Bird Sightings

As many are aware we have some birdwatchers who are social members and come and watch from the corner, or watch the bird feeders they have put up beyond the Flying 15 area. We have asked John one of the regulars to let us know what they see. The Terns are nesting on the raft so please give that a good berth (they will let you know if you get to close!). If you want to know more stop and ask.

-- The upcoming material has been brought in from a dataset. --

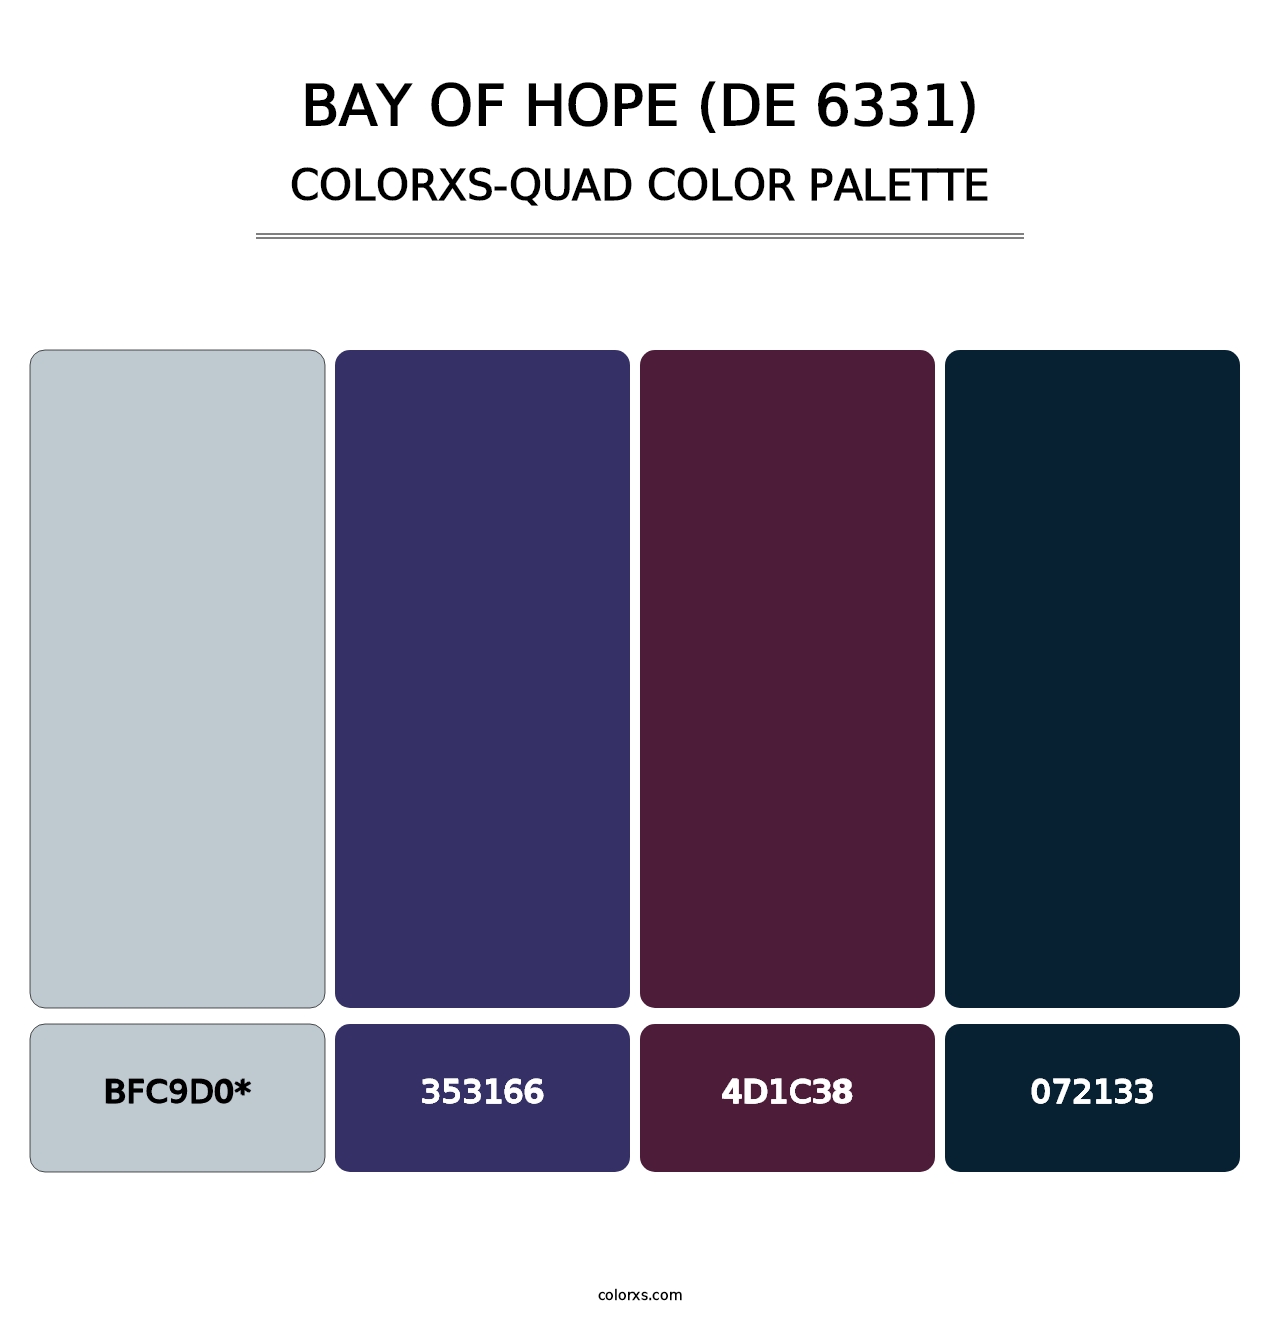 Bay of Hope (DE 6331) - Colorxs Quad Palette

October proved to be an interesting month with several notable sightings. The majority of summer visitors departed and the last seven Swallows were seen on the 16th. Prior to this the first eight Fieldfares had arrived on the 12th. Fieldfares are a type of thrush and every winter thousands of birds arrive in the UK from their breeding grounds in Scandinavia. Two Pintail were seen on the 1st and a Kittiwake was noted briefly on the 15th, a species that is relatively common on the coast but rare inland. Many members will have seen the Little Egrets which often frequent the lake; they look like a small white heron. Their larger cousin the Great White Egret is far more unusual so a bird present for a few minutes on the morning of the 16th was an excellent sighting. A Black Tern on the 17th was a very late record for the county whilst on the same date a Merlin was also observed. Merlin is a small falcon which breeds on moorland and it is a less than annual visitor to the Hoveringham complex. Whooper Swans are what are known as ‘wild swans’ as opposed to our resident Mute Swans and parties of fifteen and three birds were seen during the month. We have once again set up the feeding station and it didn’t take the birds long to find it. Chaffinches, Reed Buntings, along with Great and Blue Tits are regular visitors and it was particularly pleasing to see up to six Tree Sparrows. Unfortunately several greedy Grey Squirrels also find the seed very much to their liking.